Ao longo do tempo, o conhecimento sobre a Tabela FIPE e o entendimento da ficha técnica de um Subaru Impreza 1.5 16V 115cv Mec. 2009 ajudam o proprietário a planejar melhor o seguro. Isso inclui pensar não apenas no preço da apólice, mas nas consequências de um eventual sinistro, como a disponibilidade de peças originais, a rede de assistência, a facilidade de reparo e o tempo de entrega de um veículo substituto, quando pertinente. Esses fatores, somados ao conhecimento técnico do veículo, fortalecem a decisão de proteção adequada, mantendo o uso do carro seguro, previsível e economicamente responsável.
Para quem busca orientação especializada sobre a melhor forma de proteger um Subaru Impreza 1.5 16V 115cv Mec. 2009, a relação com uma corretora de seguros confiável é indispensável.

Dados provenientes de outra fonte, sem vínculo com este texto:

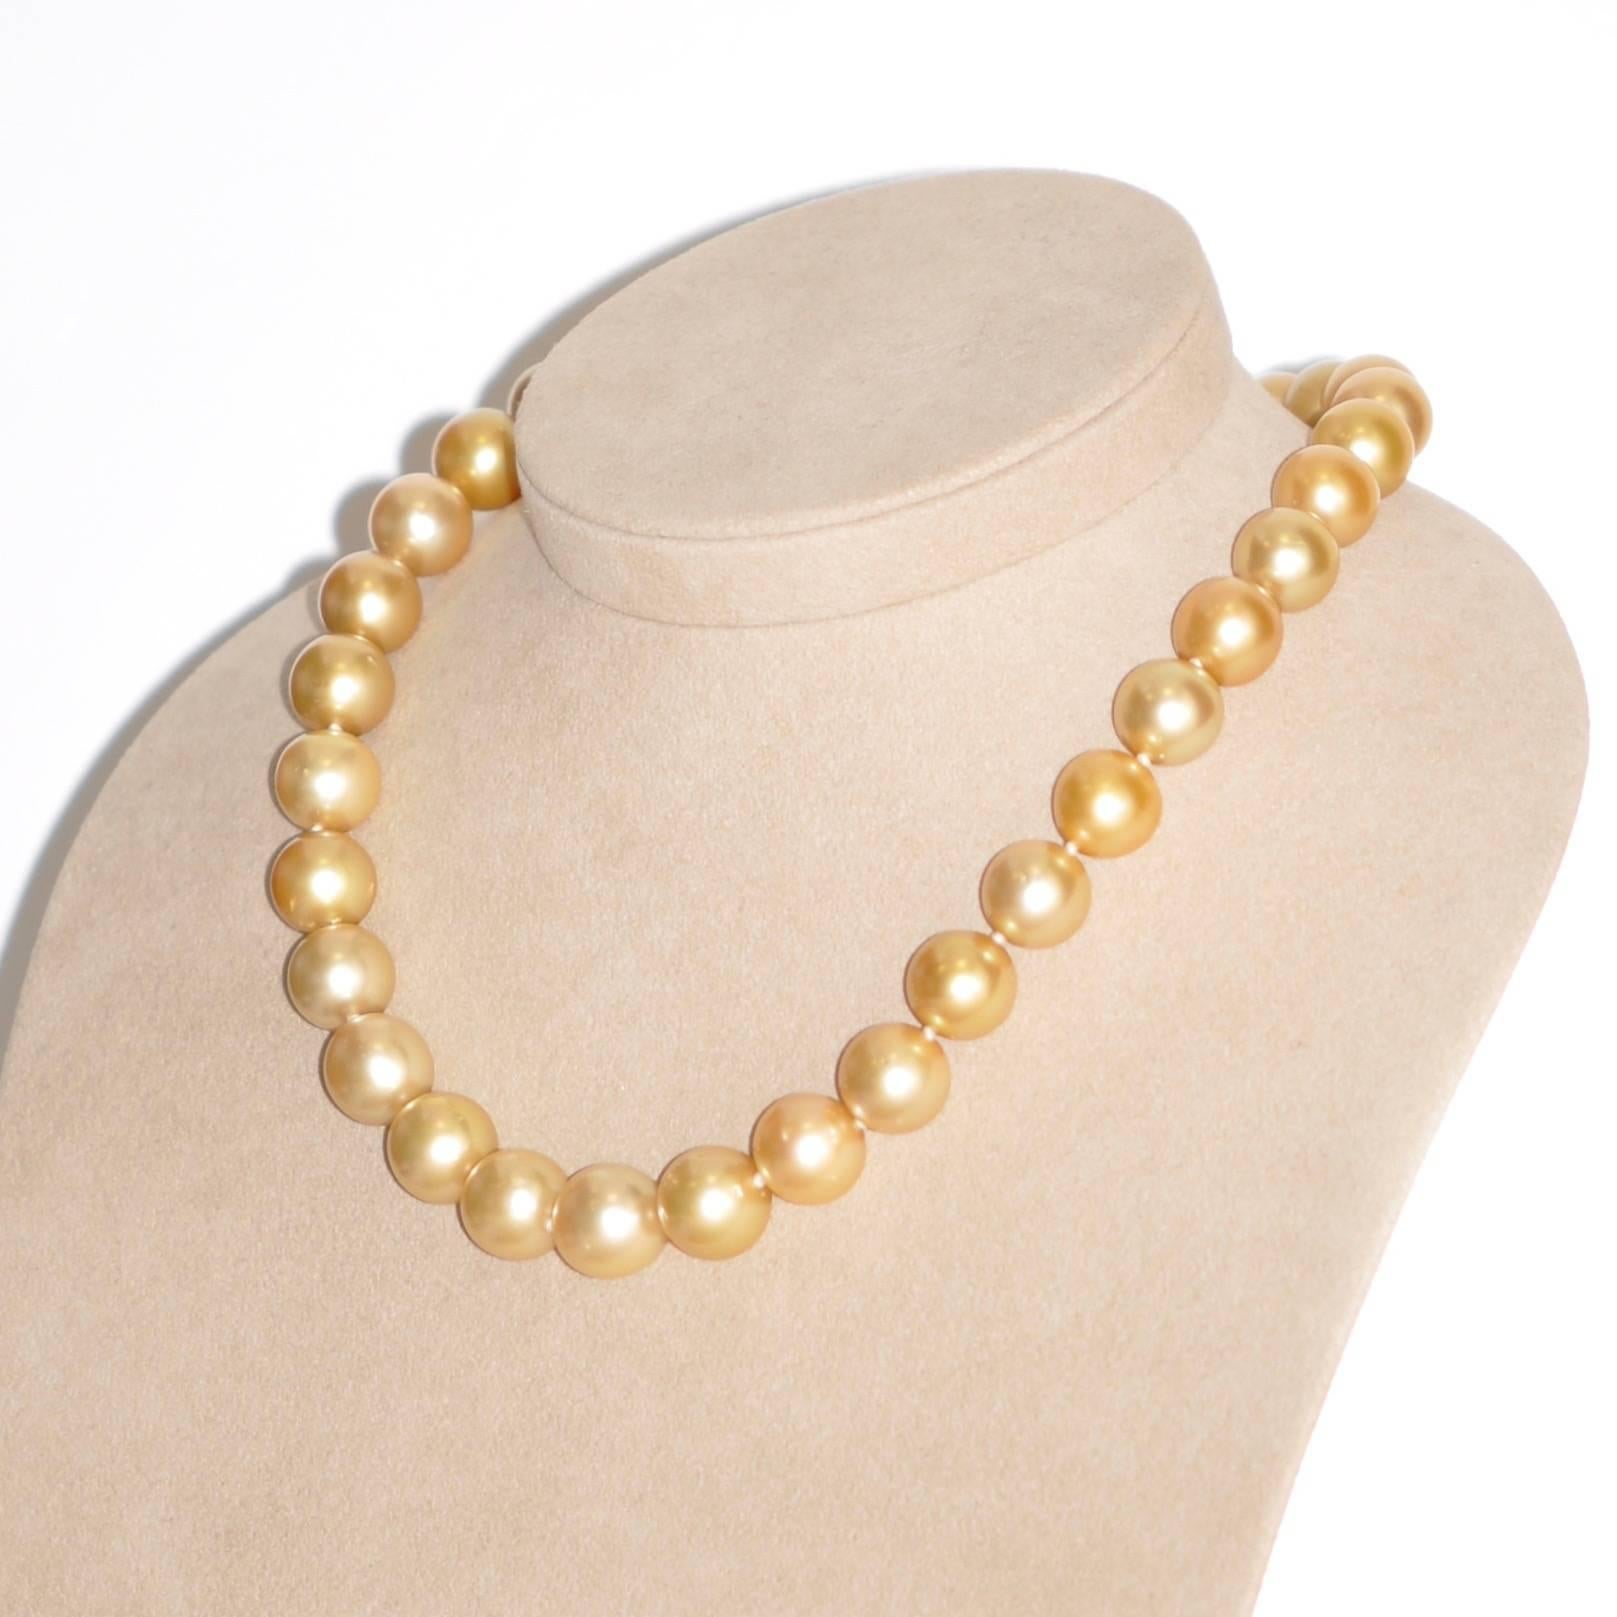 A magnificent necklace of golden South Sea pearls, a true masterpiece of the ocean that embodies elegance and sophistication. Composed of 32 golden South Sea pearls measuring 14/12 mm, each one is unique, reflecting the natural beauty of the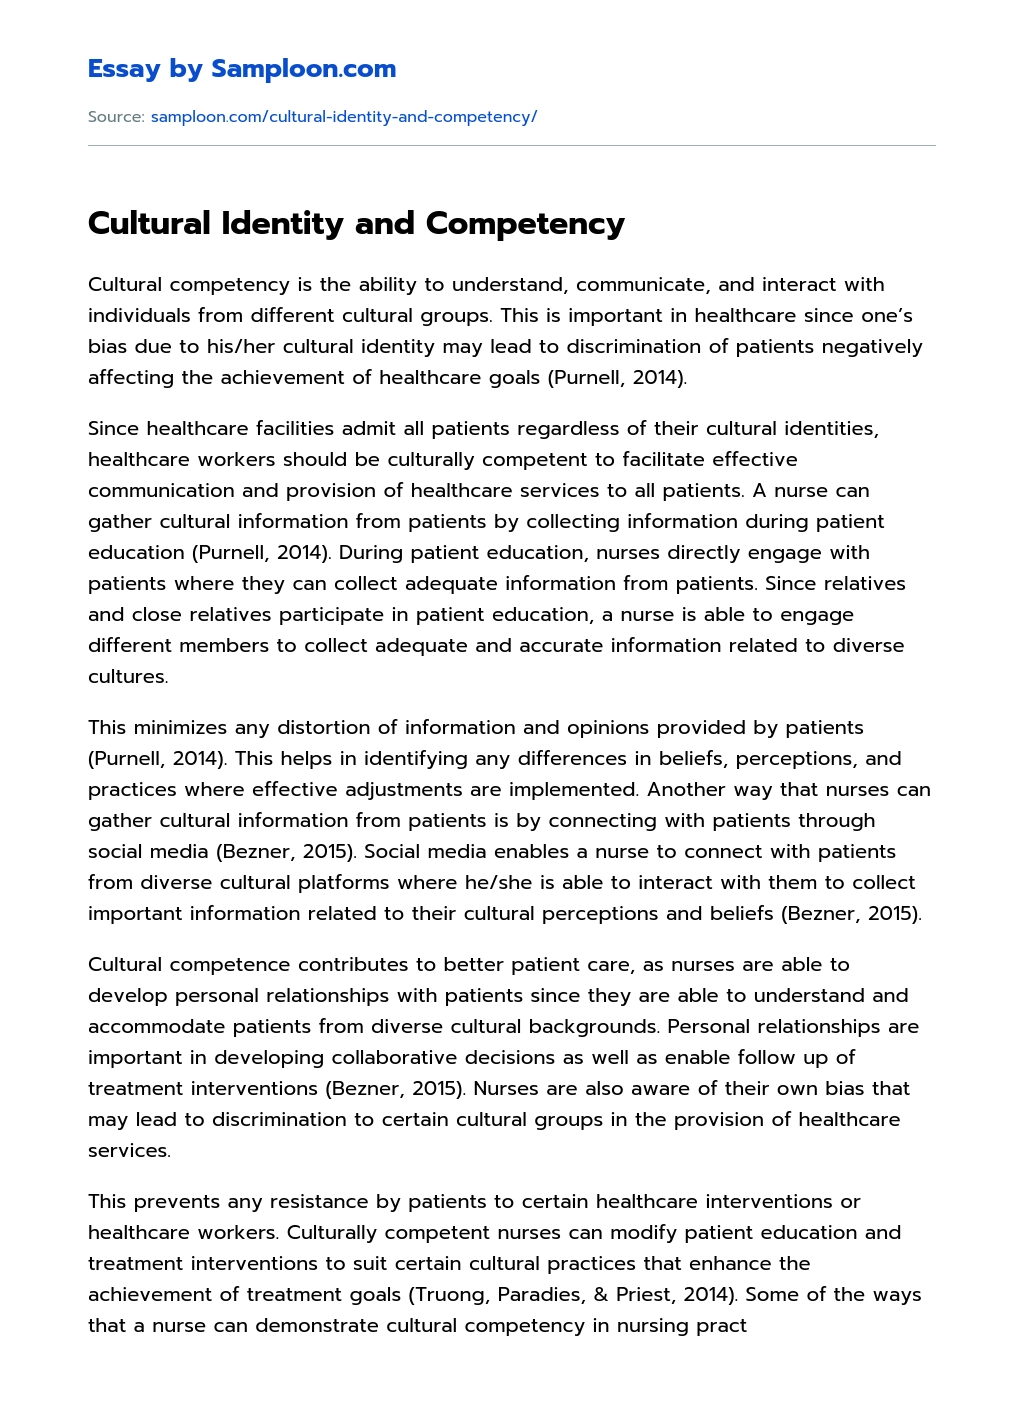 Cultural Identity and Competency essay

Uma equipe experiente pode explicar como a FIPE e o estado do veículo interagem para compor o pacote de coberturas, quais são as opções de franquia que melhor equilibram custo e proteção, e como ajustar a apólice ao longo dos anos, conforme mudanças no uso, no valor de mercado e na disponibilidade de peças de reposição. A ideia central é ter uma apólice que não apenas cubra perdas, mas que também proporcione tranquilidade para o dia a dia, sem surpresas no bolso em momentos decisivos.
Em termos práticos, manter o veículo com manutenções em dia, conservar os itens de segurança em bom estado e documentar as intervenções de serviço ajudam a sustentar um perfil de risco mais baixo. Isso pode se traduzir em condições de seguro mais estáveis, com possibilidades de escolher coberturas que realmente agregam valor ao perfil do condutor e do carro. O Subaru Impreza, com sua identificação de marca ligada a performance e confiabilidade, pode se beneficiar de planos de seguro que reconheçam esse histórico, valorizando o cuidado com o veículo, a higiene da documentação e a previsibilidade de uso.
Quando o assunto é leitura de mercado, lembrar que a FIPE não é o único determinante para o custo do seguro é essencial. O preço da apólice também é influenciado por fatores como faixa etária do condutor, histórico de sinistros, local de circulação, uso do veículo (urbano, rodovias, viagens), perfil de condução e a presença de dispositivos de segurança. Por isso, a combinação de uma boa ficha técnica, uma avaliação fiel do estado do veículo e uma consultoria especializada pode fazer a diferença entre uma apólice enxuta, bem ajustada, e uma cobertura excessiva ou inadequada para a realidade do dia a dia.
Se desejar, a equipe da GT Seguros pode auxiliar com uma leitura personalizada do seu caso. Para uma orientação sob medida, considere fazer uma cotação com a GT Seguros.